As a future work, we intend to extend our framework in order to support MONITOR/MWAIT-based synchronization in multi-SMT systems, following hierarchical schemes (e.g. tree barriers). Additionally, we intend to evaluate our primitives on parallel programs with requirements for fine-grained synchronization, and on other application models that reflect our considered execution scheme, such as MPI programs or I/O bound multithreaded applications. We argue that, with the advent of hybrid architectures that encompass multitude of hardware contexts within a single chip, architecture-aware hierarchical synchronization schemes will play a significant role in parallel application performance and thus seem to be worthwhile to investigate.

## References

- [AAKK08] E. Athanasaki, N. Anastopoulos, K. Kourtis, and N. Koziris. Exploring the performance limits of simultaneous multithreading for memory intensive applications. *J. Supercomput.*, 44(1):64–97, 2008.

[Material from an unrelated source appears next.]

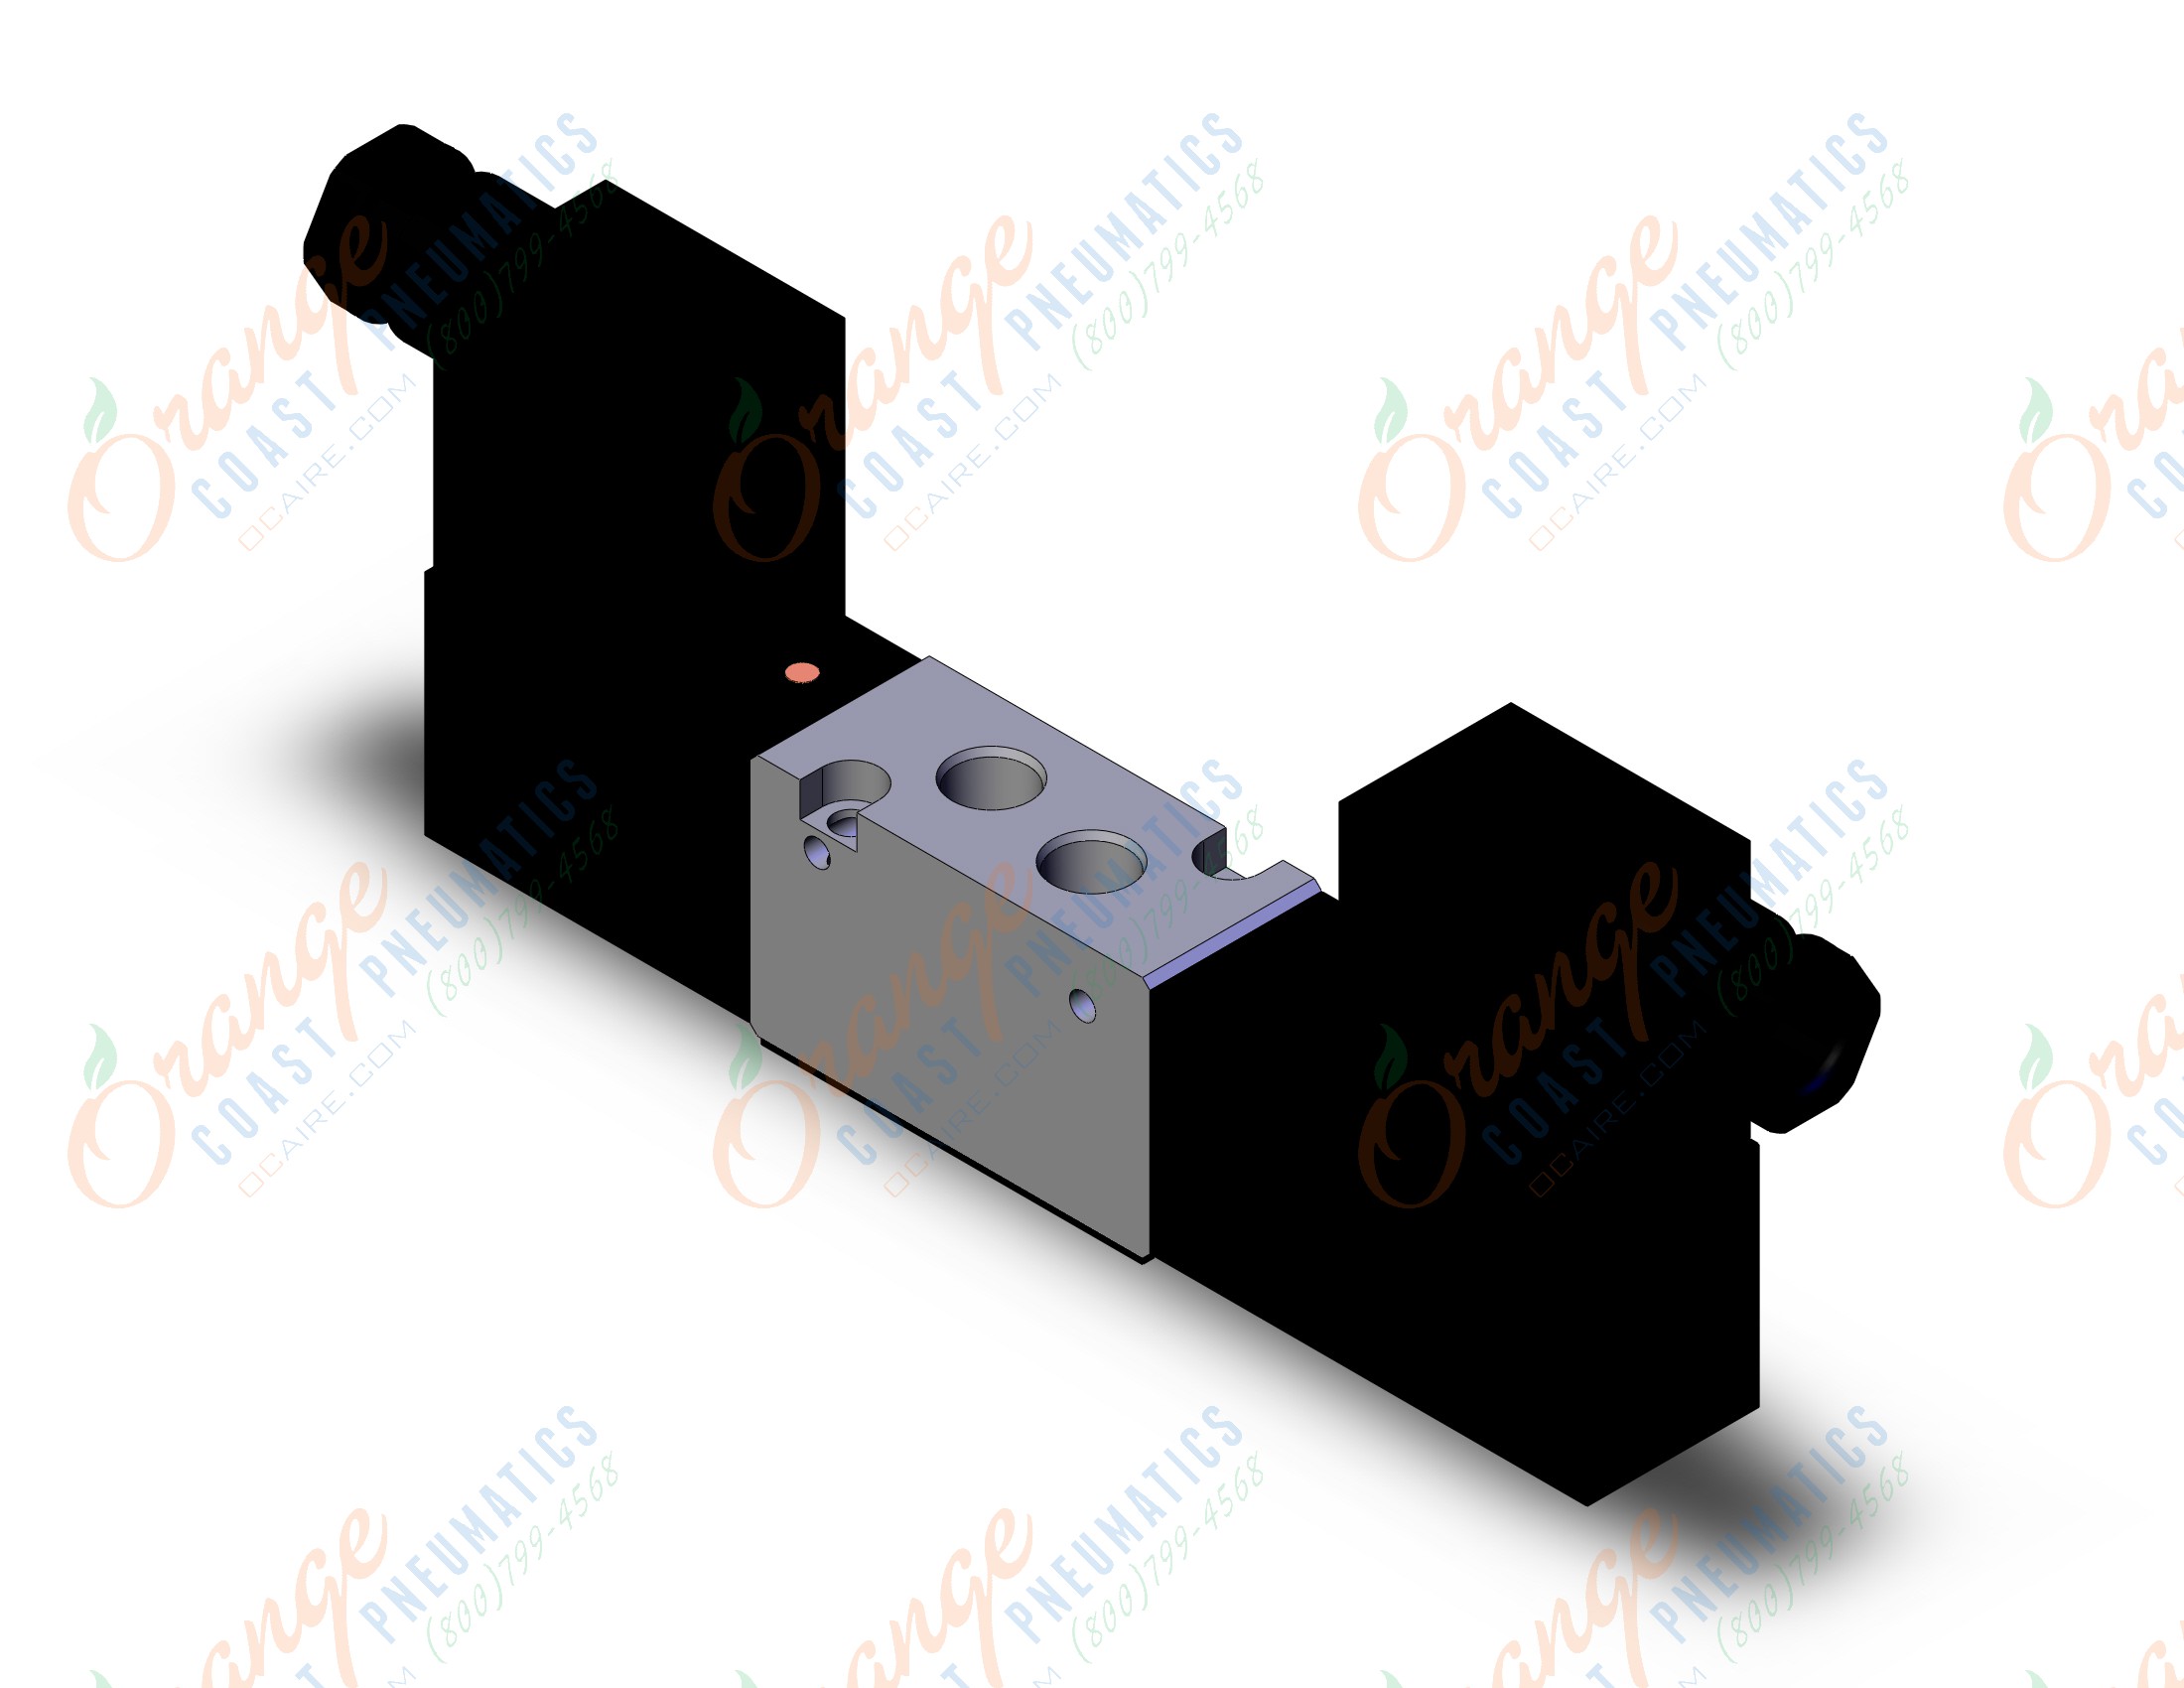 SMC VFS1420-3D-01T valve dbl 1220-1530 body port, VFS1000 SOL VALVE 4/5 PORT

- [MBH+02] D. Marr, F. Binns, D. Hill, G. Hinton, D. Koufaty, J. Miller, and M. Upton. Hyper-threading technology architecture and microarchitecture. *Intel Technology Journal*, Feb 2002.
- [TEL95] D. Tullsen, S. Eggers, and H. Levy. Simultaneous multithreading: Maximizing on-chip parallelism. In *ISCA '95: Proceedings of the 22th annual international symposium on Computer architecture*, pages 392–403, 1995.
- [TLEL99] D. Tullsen, J. Lo, S. Eggers, and H. Levy. Supporting fine-grained synchronization on a simultaneous multithreading processor. In *HPCA '99: Proceedings of the IEEE 5th International Symposium on High Performance Computer Architecture*, page 54, 1999.